1. For each $\vec{u},\vec{v}\in W$, $\vec{u}+\vec{v}\in W$.

2. For all $c\in\mathbb{R}$ and $\vec{u}\in W$, $c\vec{u}\in W$.

3. The vector space contains the zero vector.

Muzza
No, consider for example W = R^2 with the usual addition operator, but we define c * (x, y) = (x^2, y). It fails distributivity.

Science Advisor
Homework Helper
First, I have a problem with the wording. It's not the axioms that "fail", its the set of matrices! Yes, you could say "which axioms fail to be true for this set of matrices" but I would prefer "which axioms does this set of matices fail to satisfy".

In any case- do the obvious. Write down all of the axioms for a vectors space, try each of you generic matrices in each and see which are true and which aren't.

For example, one axiom is "closure" of addition. If you add two matrices of the first kind given:
$$\left(\begin{array}{cc}a&1\\1&b\end{array}\right) + \left(\begin{array}{cc}c&1\\1&d\end{array}\right)$$
Is that still of the same form?

gaborfk
No it is not. It is in the form of

$$\left(\begin{array}{cc}x&2\\2&y\end{array}\right)$$

So that means it is open for addition and scalar multiplication...

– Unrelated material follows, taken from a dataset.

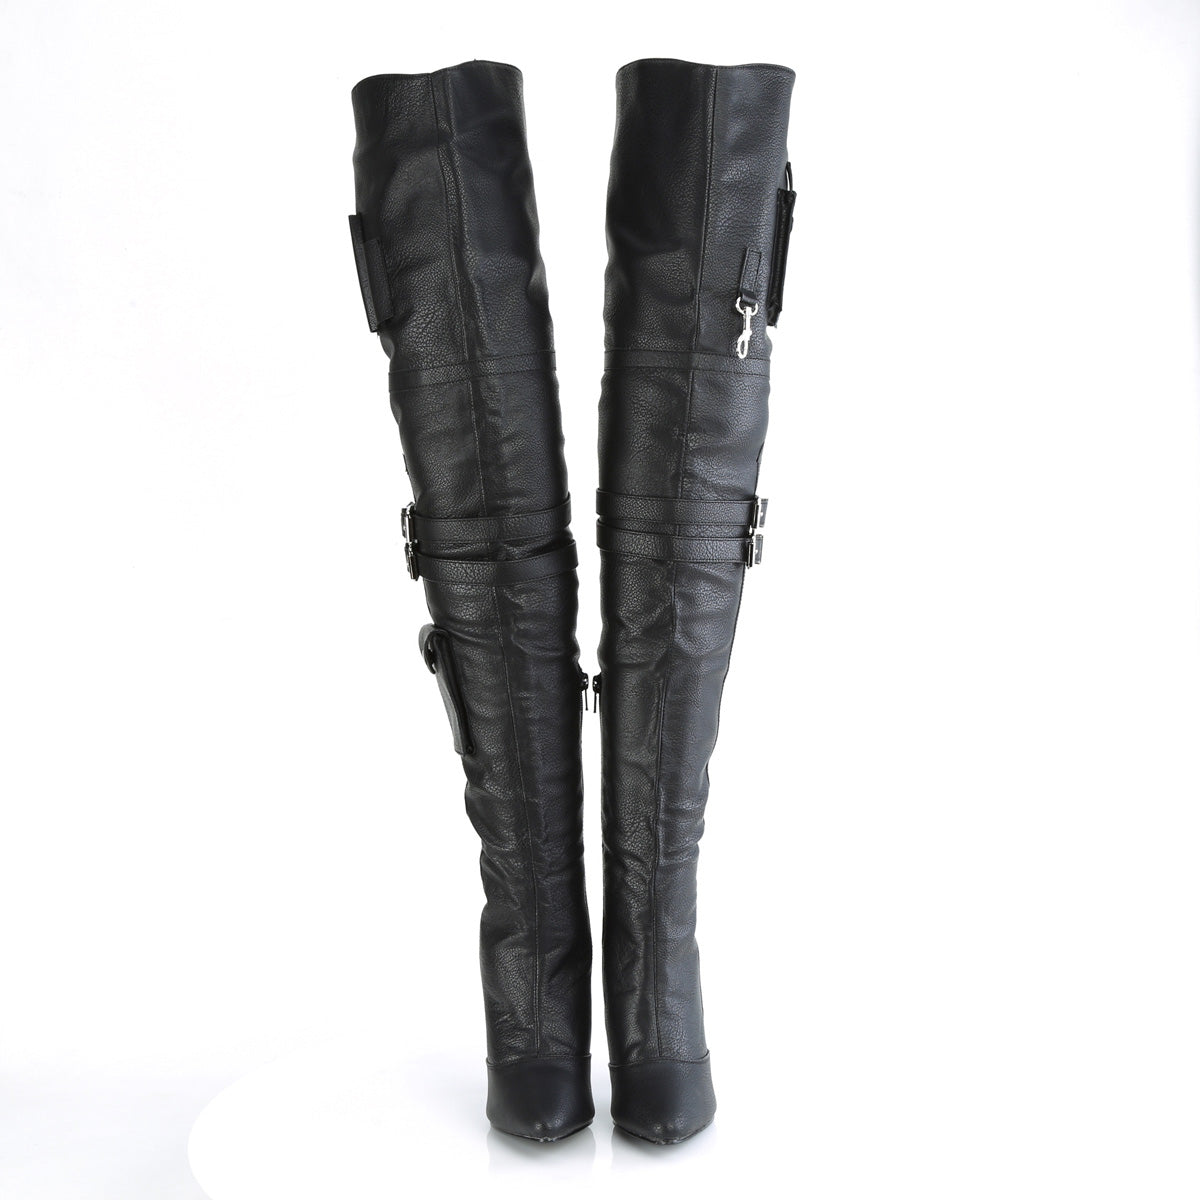 SEDUCE-3019 Black Thigh High Boots

However, how would I go about checking if there is a zero vector?

Thank you

amcavoy
Well, what happens when you plug in x=0, y=0? The constants remain, so what does that tell you?

Science Advisor
Homework Helper
If U is a subspace of vector space V, then U "inherits" its operations from V- adding an multiplying are the same in both so the additive and multiplicative identities ('0' and '1') must be the same. All you need to do to check if U has a additive identity is to check if the 0 matrix is in it.
By they way, in order to be a vector space, a set of vectors must satisfy ALL the axioms. Once you have show that the space is not closed under addition or multiplication (I would not say "open" under the operations!) it is not necessary to check the other axioms. Even if they were true, the set could not be a subspace.